🤖 AI Summary
Large language models (LLMs) frequently generate high-confidence hallucinations, yet existing detection methods lack fine-grained, generalizable, and plug-and-play solutions. To address this, we propose the first pre-trained, architecture-aware uncertainty quantification (UQ) auxiliary head, which deeply integrates LLM self-attention map features with Transformer structural priors and employs supervised learning to model per-statement confidence for statement-level hallucination detection. Our UQ head enables zero-shot transfer across diverse LLM families—including Mistral, Llama, and Gemma 2—as well as cross-lingual settings, achieving state-of-the-art performance in both in-domain and out-of-domain prompting scenarios. Crucially, it requires no task-specific fine-tuning or architectural modification to the base LLM. We release open-source code and pre-trained UQ heads compatible with major LLM series, facilitating immediate integration and reproducible research.
📝 Abstract
Large Language Models (LLMs) have the tendency to hallucinate, i.e., to sporadically generate false or fabricated information. This presents a major challenge, as hallucinations often appear highly convincing and users generally lack the tools to detect them. Uncertainty quantification (UQ) provides a framework for assessing the reliability of model outputs, aiding in the identification of potential hallucinations.
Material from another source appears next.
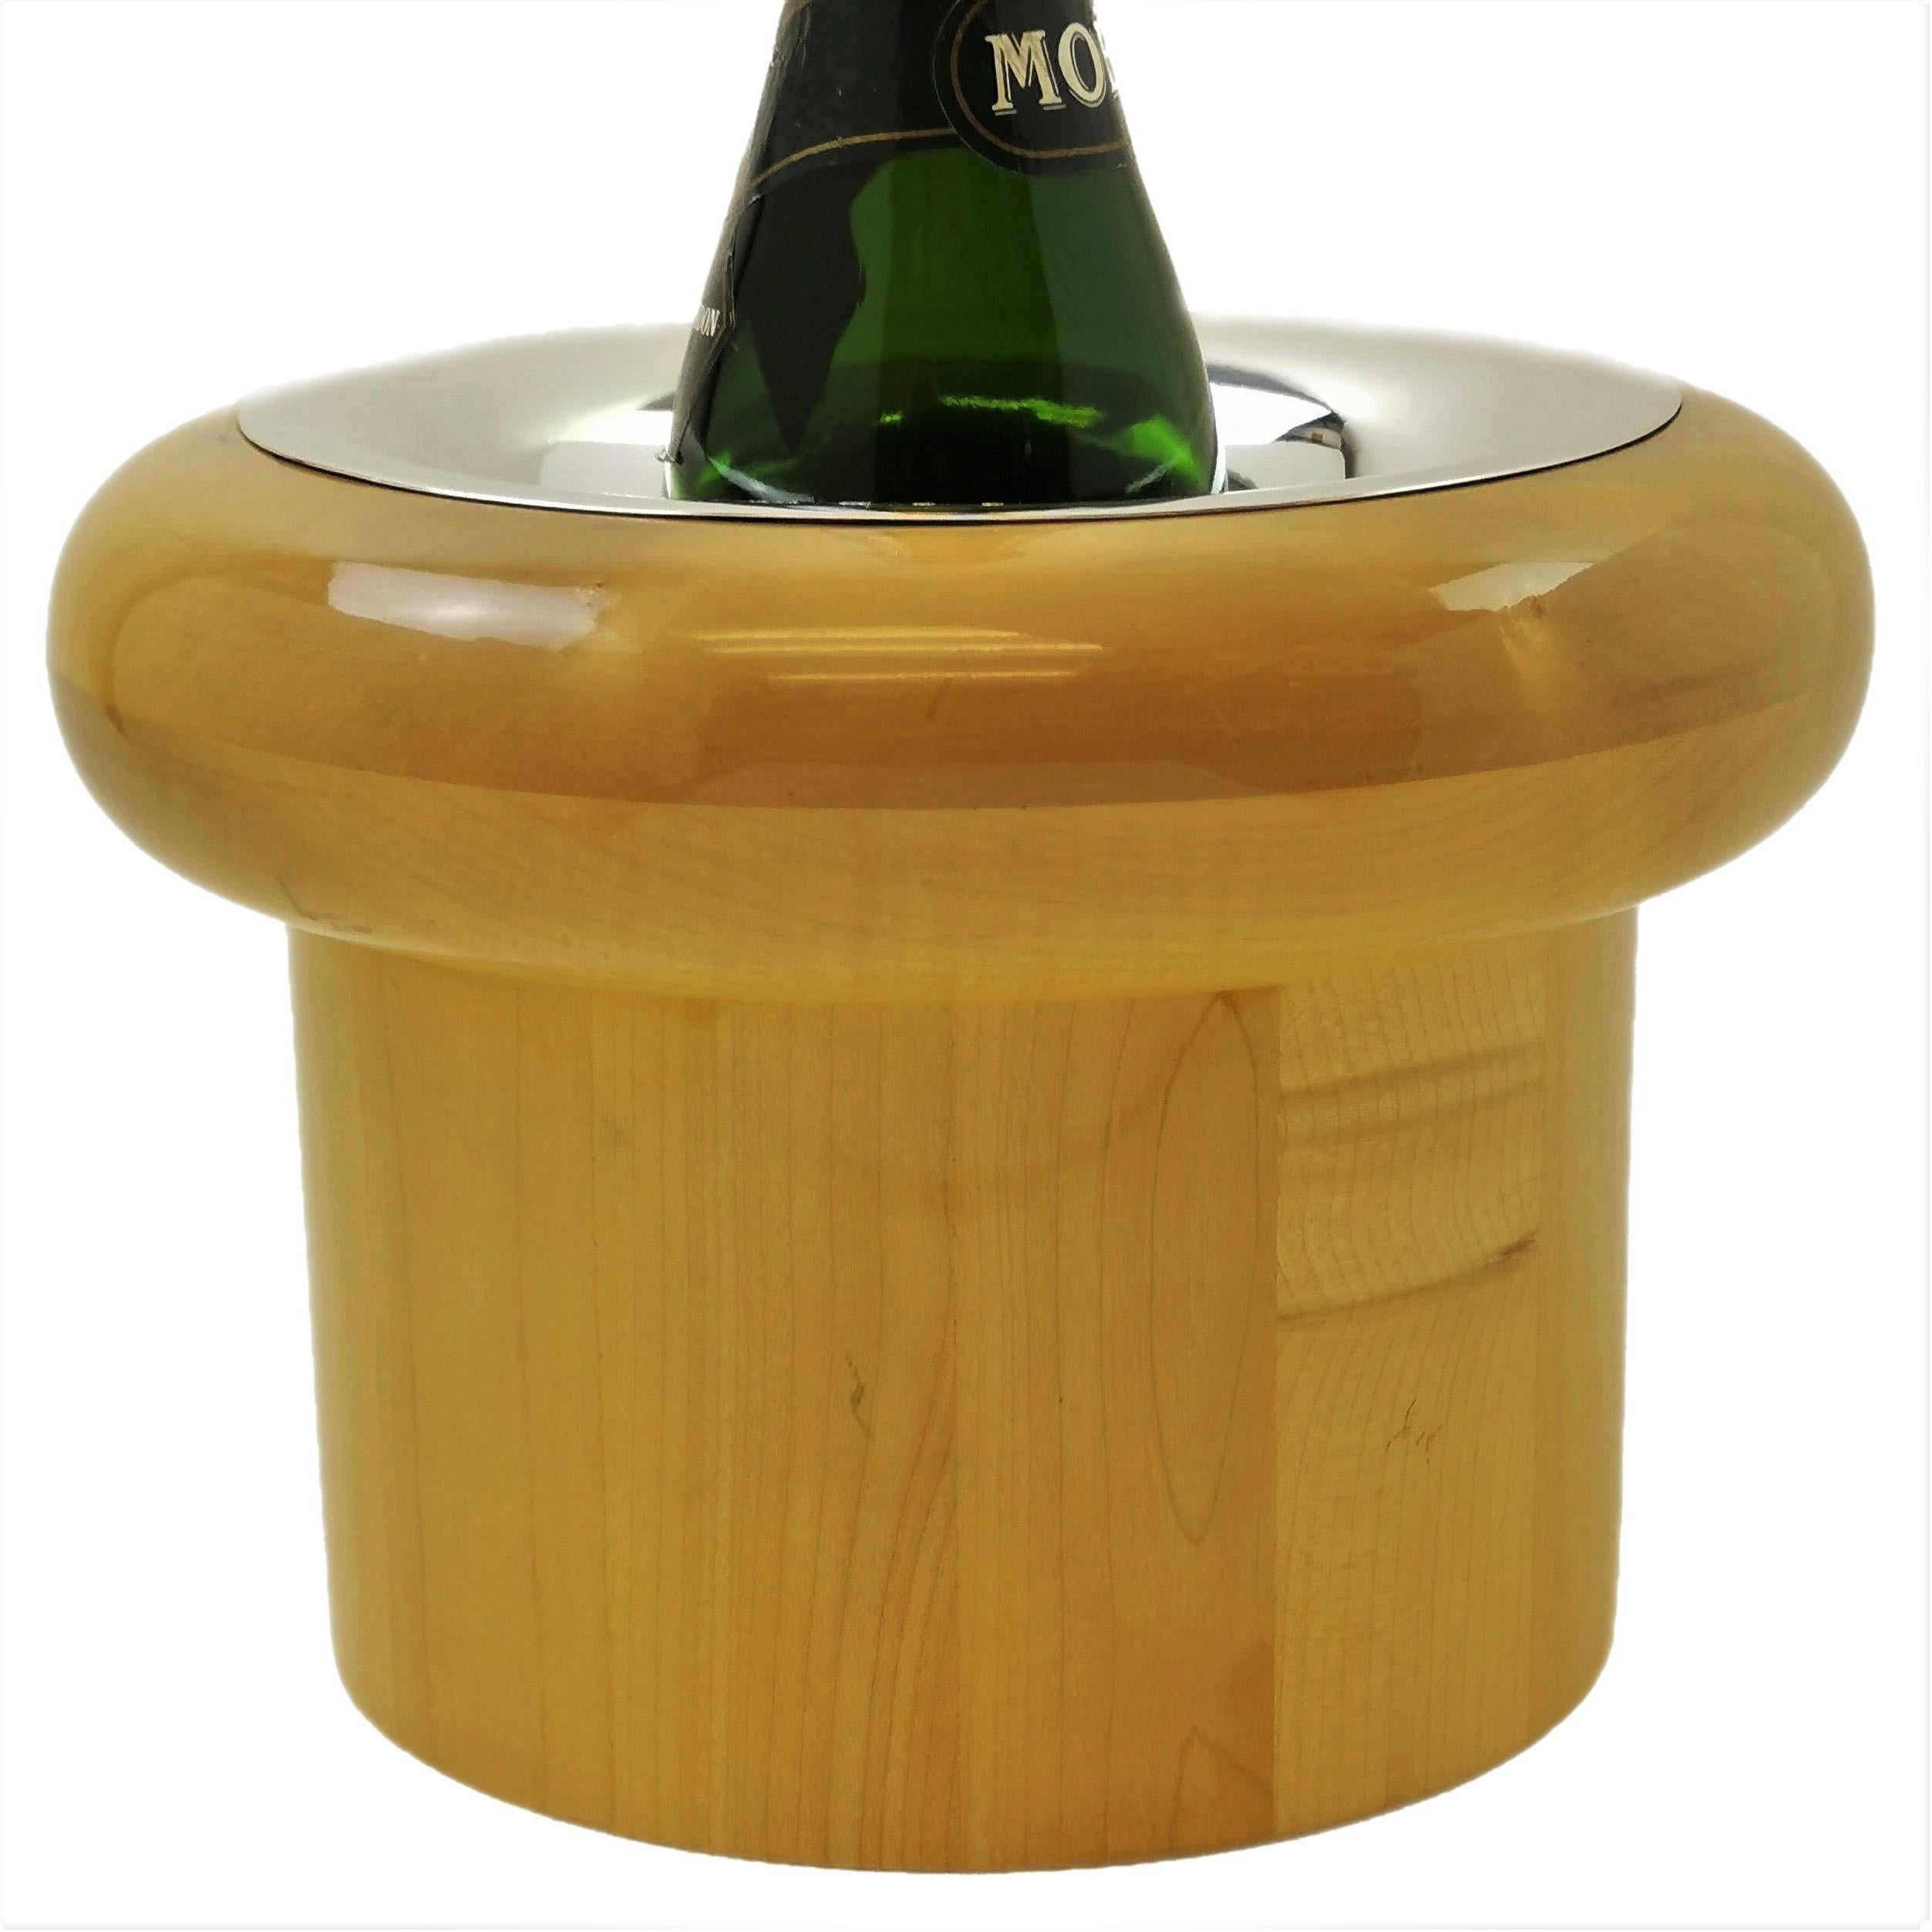 A magnificent modern English Sterling Silver and light wood Wine / Champagne Cooler by noted Silversmith Gerald Benney. The body of the Wine Cooler is a striking light wood and the rim and interior of the Cooler are created in solid silver.
The Wine

In this work, we introduce pre-trained UQ heads: supervised auxiliary modules for LLMs that substantially enhance their ability to capture uncertainty compared to unsupervised UQ methods. Their strong performance stems from the powerful Transformer architecture in their design and informative features derived from LLM attention maps. Experimental evaluation shows that these heads are highly robust and achieve state-of-the-art performance in claim-level hallucination detection across both in-domain and out-of-domain prompts. Moreover, these modules demonstrate strong generalization to languages they were not explicitly trained on. We pre-train a collection of UQ heads for popular LLM series, including Mistral, Llama, and Gemma 2. We publicly release both the code and the pre-trained heads.